NY Bill Would Tab Tracks for Full Casinos
Senate Republicans in New York are finalizing legislation to restrict the first three casinos under a gambling expansion effort to areas of the state already home to racetrack-based casinos, a move one top lawmaker believes should signal that racetracks with video lottery terminals should be first in line for the larger, Las Vegas-style casinos.
"They have a history of good performance in terms of job creation," said Sen. John Bonacic, chairman of the Senate Racing and Wagering Committee. "They're basically a proven product. Now I'm not saying they all should go there, but it's a message to the (New York) Gaming Commission that unless something better comes along, (the racetracks) are the logical choice."
Bonacic said the Senate GOP plan will call for the first three casinos to be restricted to, in order of when they would be licensed by the state, to Sullivan County in the Catskill Mountains, the Tioga area west of Binghamton, and the Saratoga/Washington County area north of Albany. All three are home to harness track-based gaming facilities that can VLTs but not table games.
The first facility in the Catskills would be licensed by June 2014, with each of the subsequent two sites getting licenses six to 12 months apart from one another.
Bonacic said the regions were selected because of either proximity to New York City or for economic development reasons to help reduce unemployment levels. Bonacic represents Sullivan County, part of a region promised three casinos more than a decade ago.
The legislation doesn't specify where the other four casinos might go in an expansion plan that could be complete in about five years. He said lawmakers hope to first discuss the effort with Gov. Andrew Cuomo, but lawmakers are not ruling out letting future casinos into the New York City and Long Island markets.
Bonacic said he personally believes the Aqueduct Racetrack VLT casino run by Genting New York should be eligible for expansion to a full Class III casino. "In my mind, that should be number four," he said of the Aqueduct site's order in the expansion plan. "That's the benchmark. All the racinos have done well, but I just think Genting is exceptional."
The Senate GOP plan would not permit casinos in a large area of western New York now under a Class III exclusivity compact with the Seneca Nation of Indians, or in northern New York near the casino run by the St. Regis Mohawk tribe. Bonacic didn't rule out a casino in central New York somewhere near the Oneida Indian's Turning Stone casino, which, unlike the other two tribes, is not subject to a slot machine revenue-sharing deal with New York State.
Final decisions about specific locations in a region or selection of operators would be left, under both Senate and Assembly plans being floated, to the Cuomo-run gaming commission.
Lawmakers last year passed the first resolution to amend the state constitution to permit up to seven casinos on non-Indian lands.

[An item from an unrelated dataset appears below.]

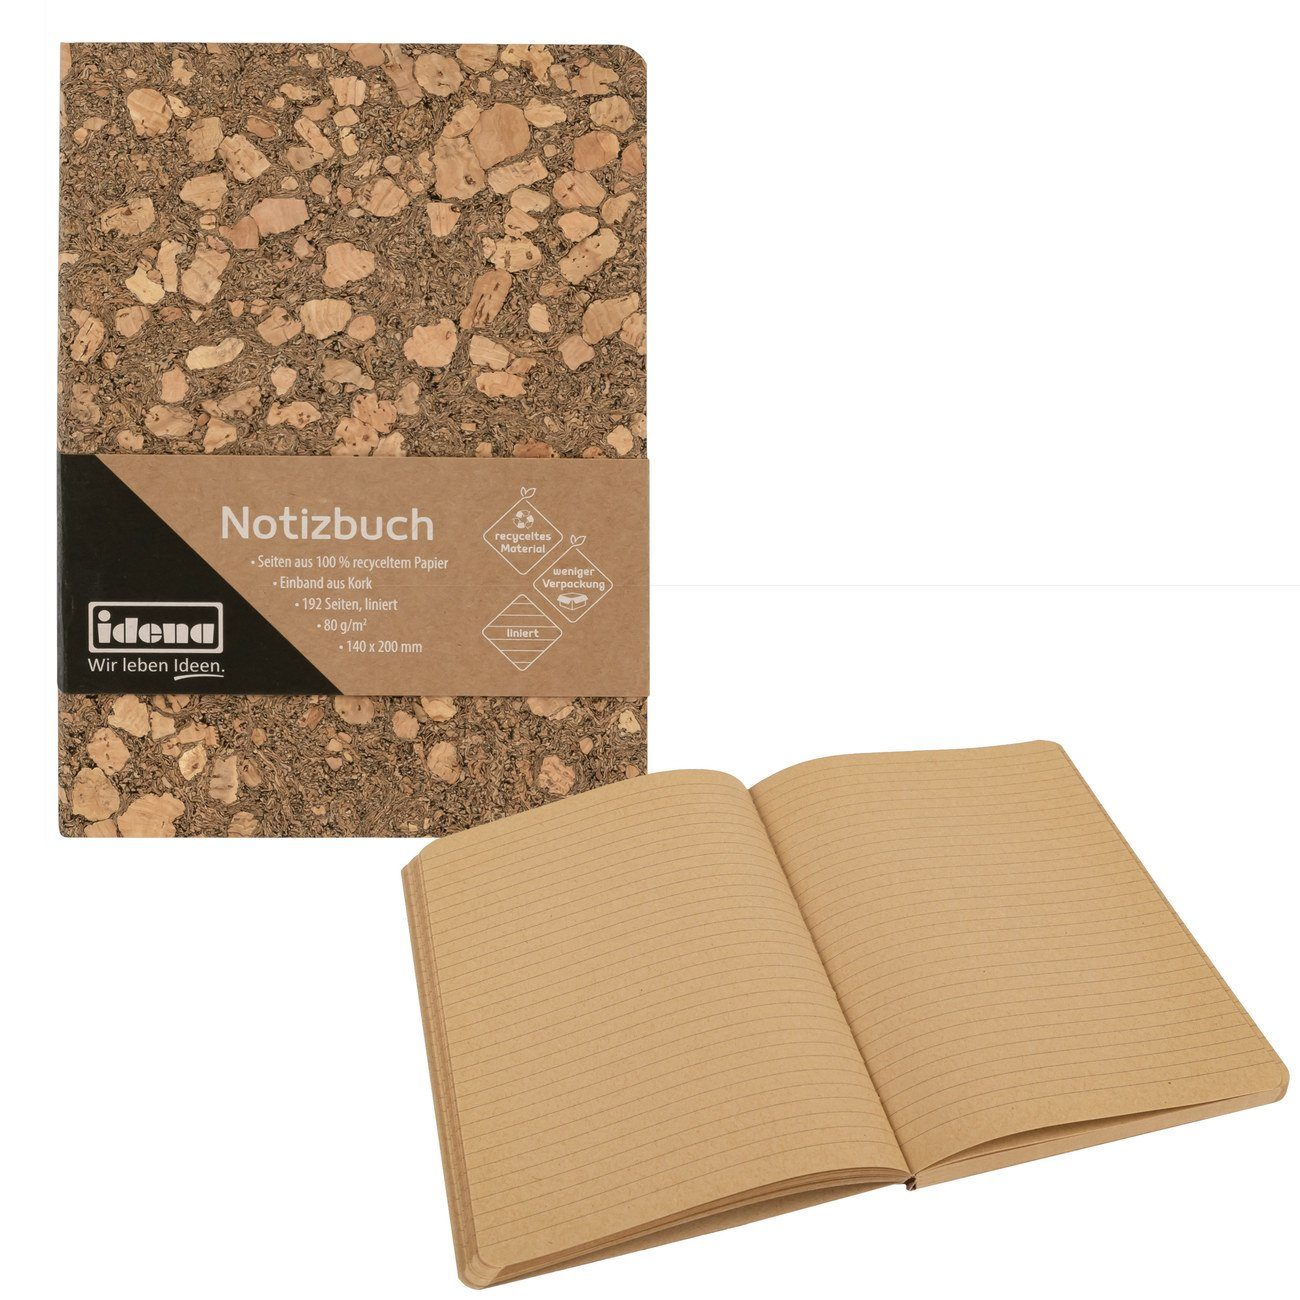 Idena Notizbuch Notizbuch - Notebook - 192 Seiten - liniert - Korkeinband
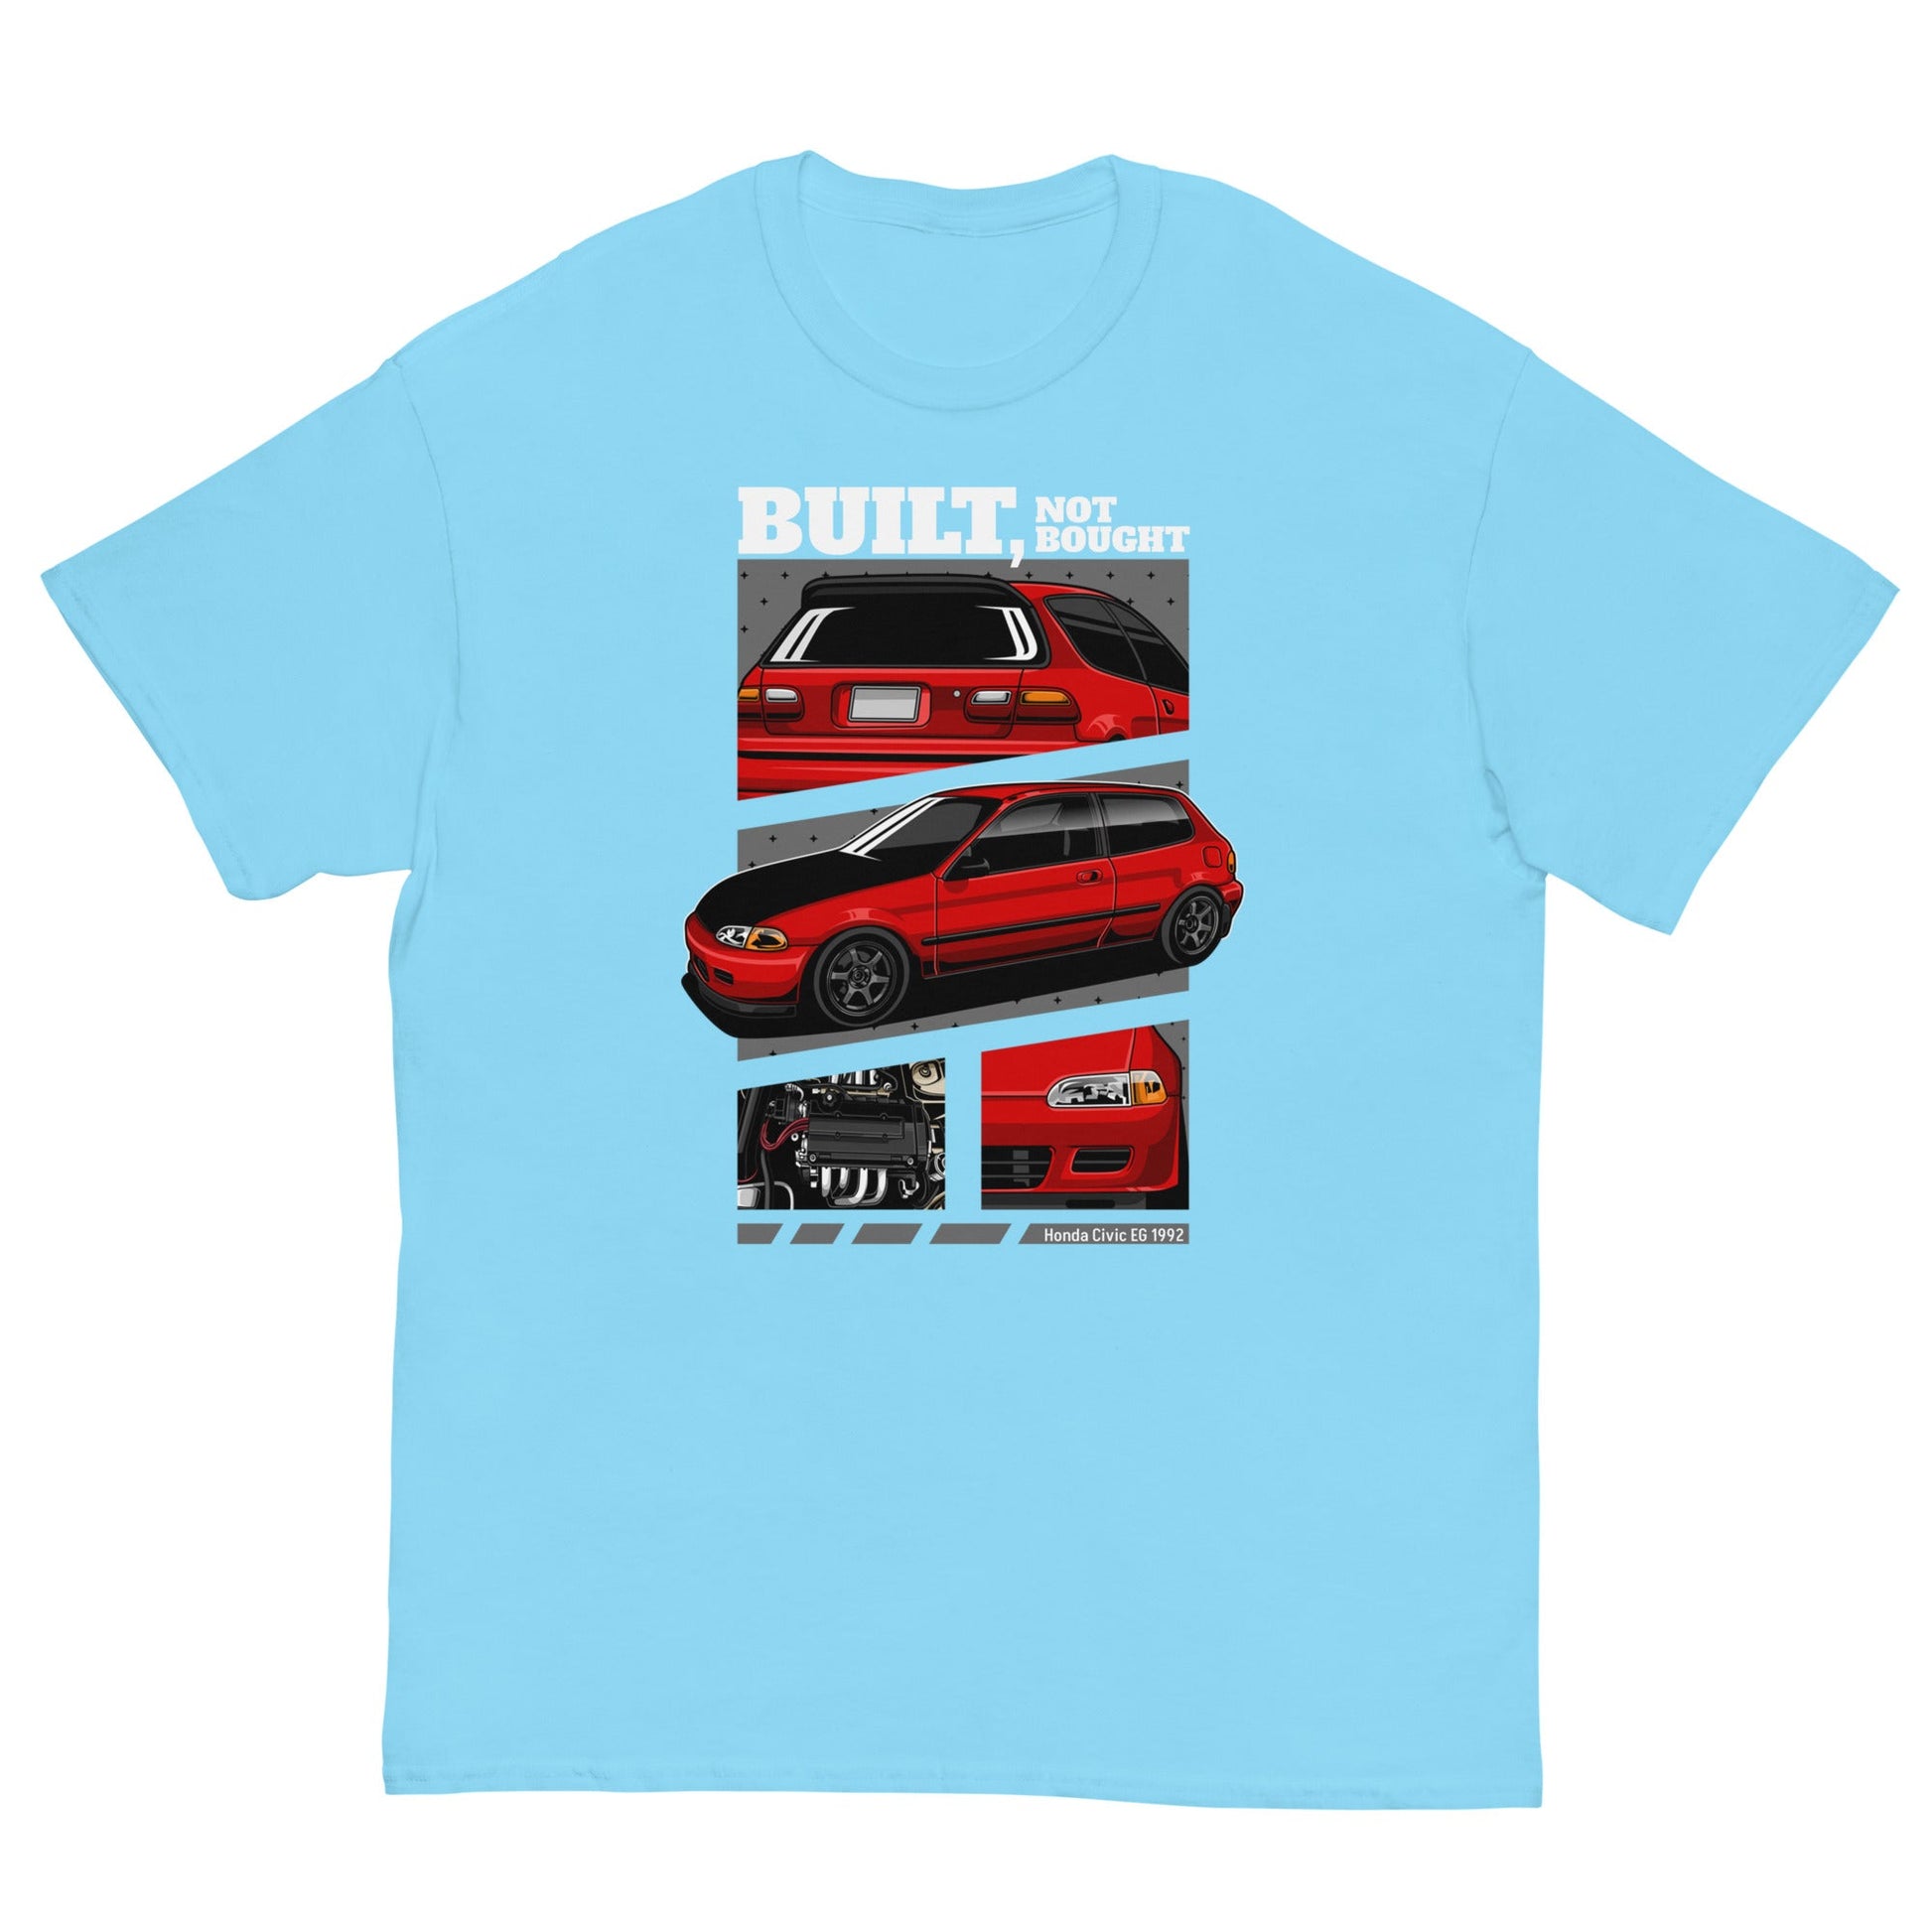 red Honda Civic EG hatchback T-shirt 1992 baby blue light

They need to pass the same resolution again this year, along with an "enabling legislation" giving more specifics about matters such as regions where the casinos could locate.
Voters statewide could get their earliest say on the idea in a statewide referendum this November if Cuomo and lawmakers agree on a final package before the legislative session ends in June.
One major unresolved issue is the possible tax rates New York might charge commercial casino operators. The tax rate for racetrack casinos in New York is higher than it is in other states, and some casino companies have suggested they are not interested in doing business in New York.
"It's complicated," Bonacic said. "I think you have to look at the interest of the bidders and what kind of private sector money they want to invest in an area, and we leave that decision to the financial experts of the gaming commission to make advisory recommendations to the legislature because we set policy and taxing."
Bonacic said the final deal must give voters and casino companies a clue about the regions that will be open for casino expansions. "I do believe the voter has to know where they're going, and those that are going to put money into this to push the referendum have to know they have a comfort level, that they're not going to be cannibalized," he said.